Imagine acquiring, storing, analyzing, enhancing, maintaining, archiving and distributing overlapping, inconsistent, incomplete and even conflicting information of your products, customers and suppliers across half a dozen systems within your company. Then overlay system and application integration with point-to-point connections or multiple messaging flavors for consuming applications. The result is a messy, inflexible and expensive architecture that delivers problematic information to internal and external clients. If your organization stores overlapping data across systems and has not addressed master data management at an enterprise level (regardless of a Web services or messaging integration layer), you might be closer to the described antipattern than you think. ( See Figure 1, Stage 1.) In today’s challenging economic environment, CIOs are looking for cost reductions and increased agility to meet changing business demands. IT simplification powered by information and integration enablement translates to operational efficiencies, simpler regulatory compliance, overall infrastructure reduction and labor cost savings. We support the case that addressing such simplification concurrently through a combination of MDM and service-oriented architecture provides a superior architectural framework with the highest cost savings. We will concentrate on the information and integration areas of simplification with their associated impacts to infrastructure; while opportunities for IT simplification exist in other areas such as governance and interaction, they are not covered in this article. We assume the reader has a basic understanding of MDM, SOA and their intersection in a data services layer. The SOA references in this article include both Web services and messaging which leverage the same SOA infrastructure and canonical schemas, further emphasizing the point of simplification.

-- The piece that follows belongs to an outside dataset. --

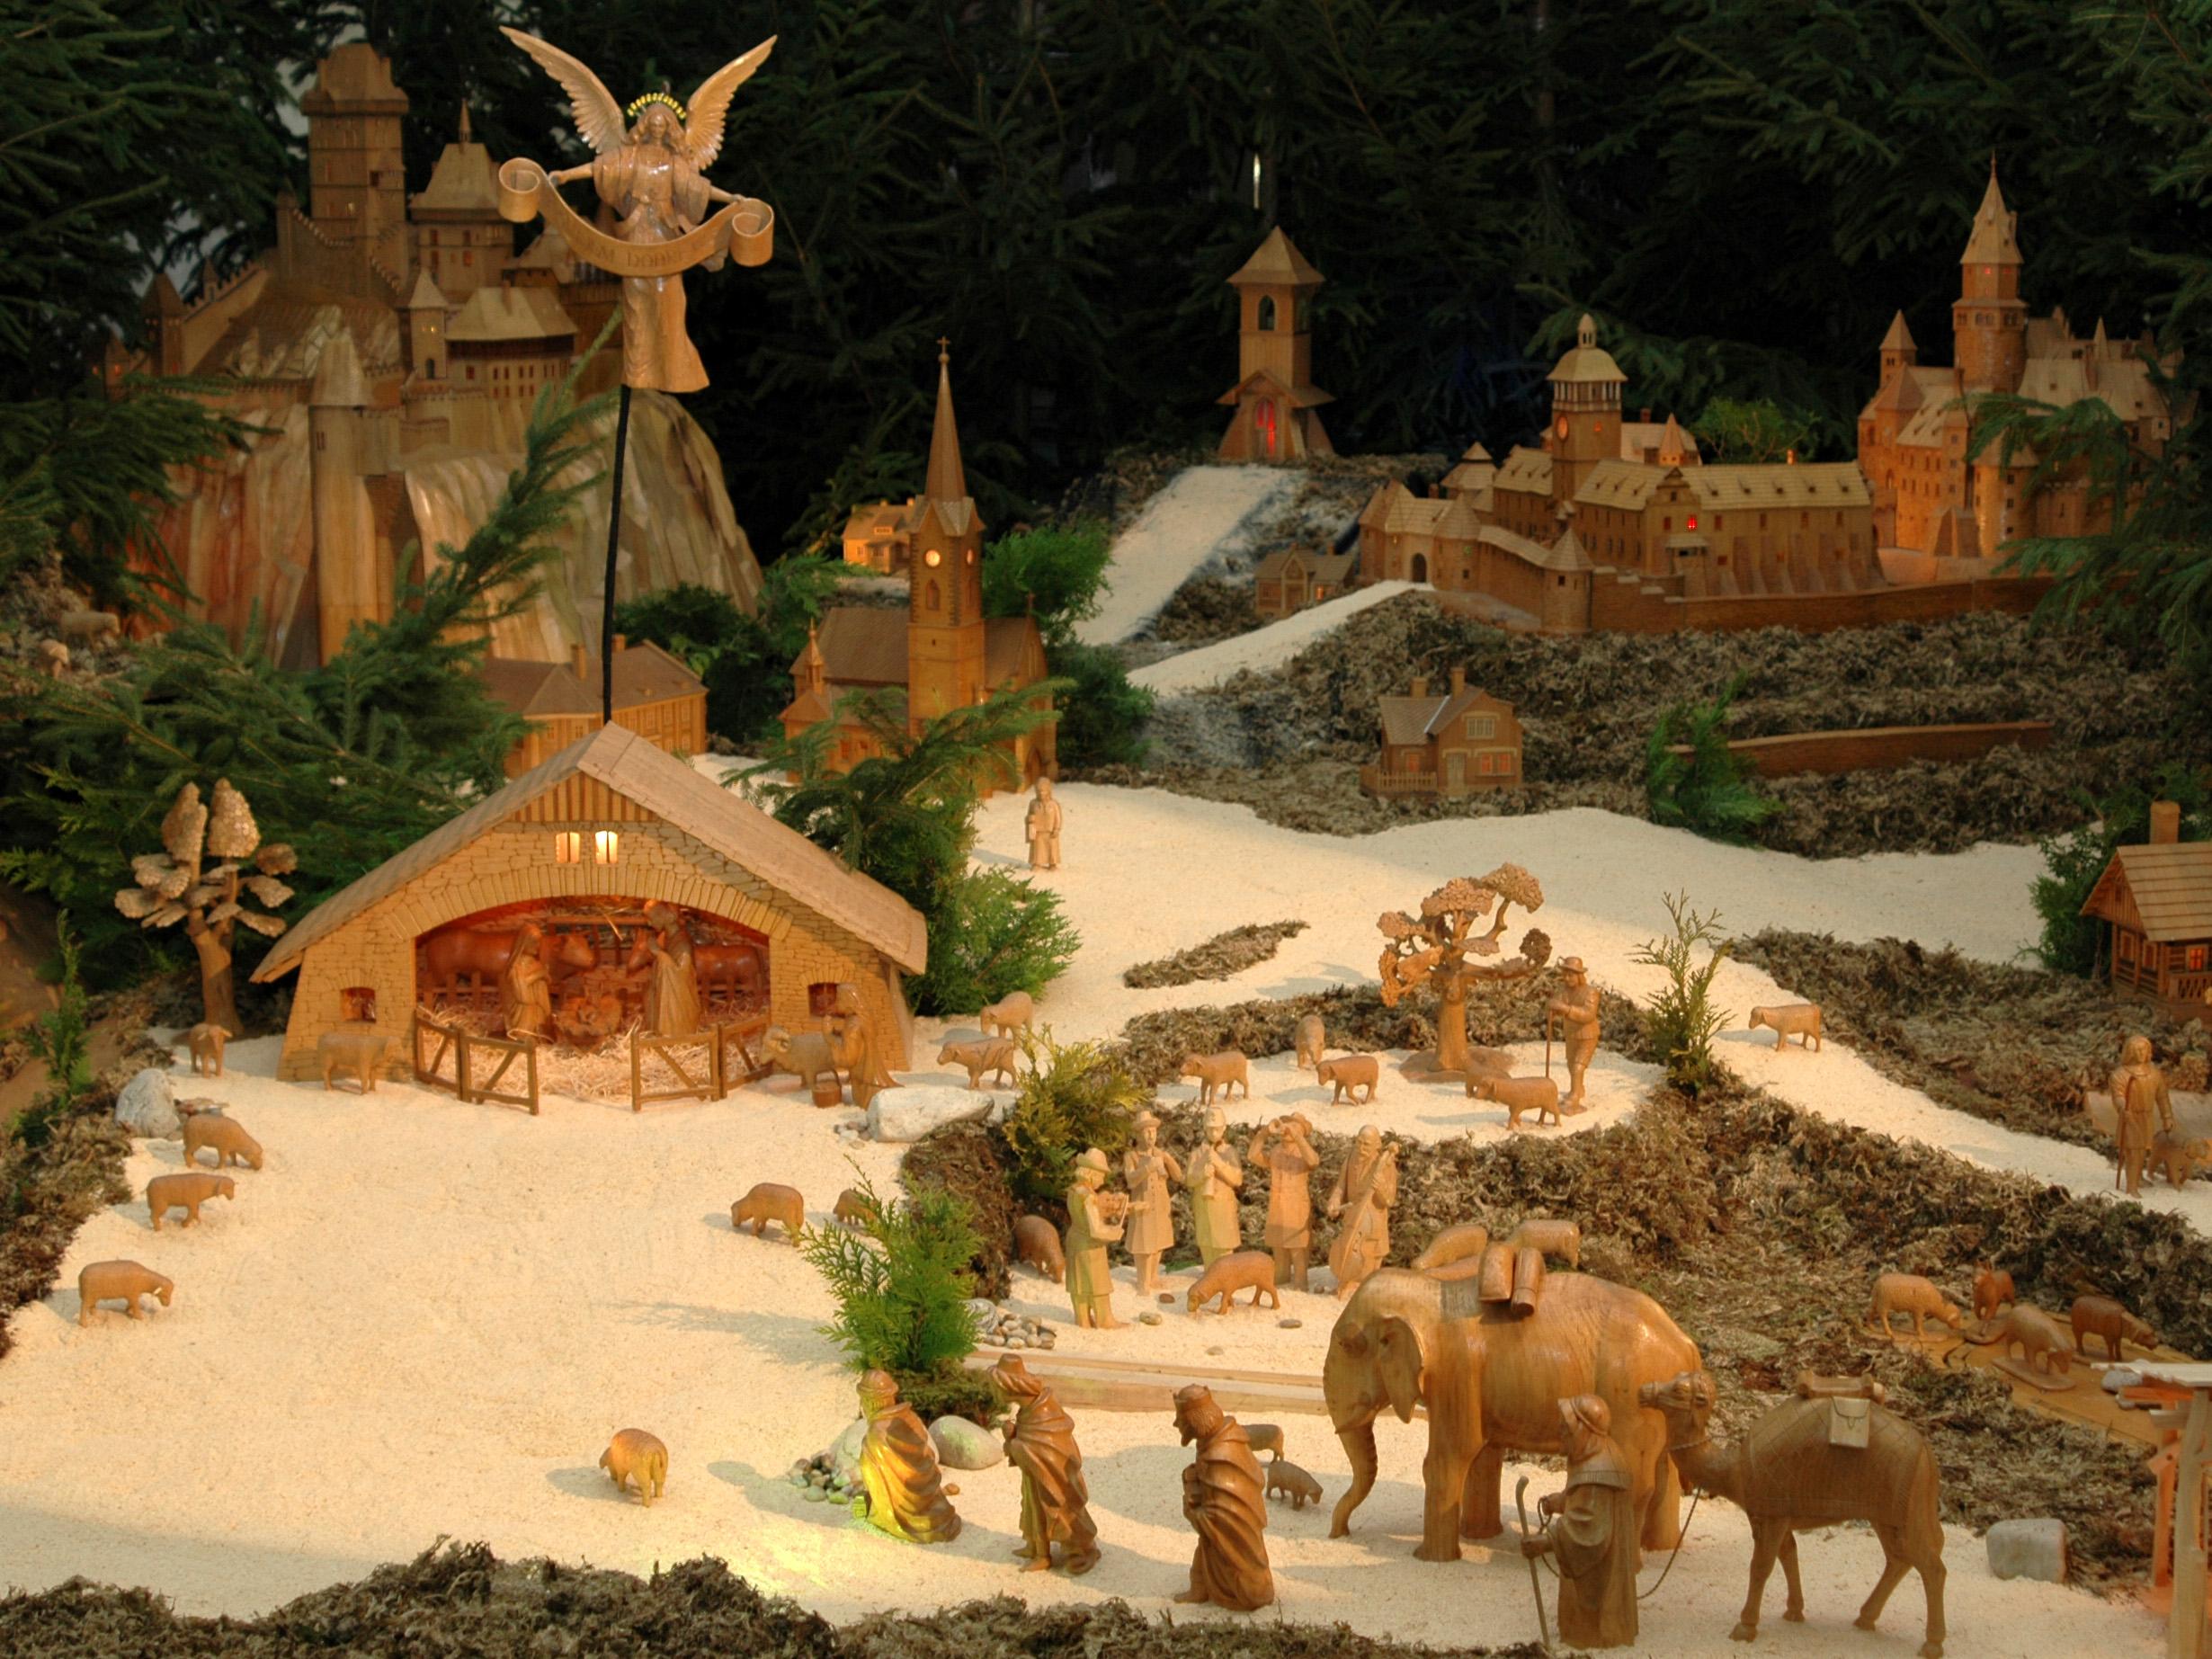 File:Mohelnice nativity scene.jpg - Wikipedia, the free encyclopedia

We will assume that systems A and C in our example (Figure 1, Stage 1) can be retired by consolidating data and authorship to an operational transactional MDM hub, while system B provides additional functionality that needs to remain in use. For a realistic view, we presume that retirement of legacy systems is accomplished through an iterative, phased approach due to scope and impact of work. We derive an interim logical diagram (Figure1, Stage 2) by introducing or promoting an existing SOA enterprise standard data distribution layer, and retiring systems A/A2 into a newly introduced MDM hub. Systems B/C/C2 feed the MDM hub or are alternatively connected through SOA directly to consumers as an interim solution in order to avoid disruption of service. Since the information of systems C / C2 needs to be migrated to the MDM hub anyway, mapping to and populating the MDM hub in the interim state is preferred to SOA enabling the legacy systems which would be a throwaway effort. We derive an end state (Figure 1, Stage 3) by retiring systems C/C2 and extending SOA integration to include data acquisition to the MDM hub, which depicts how MDM and SOA simplify the integration and improve the consistency of information delivered to consumers.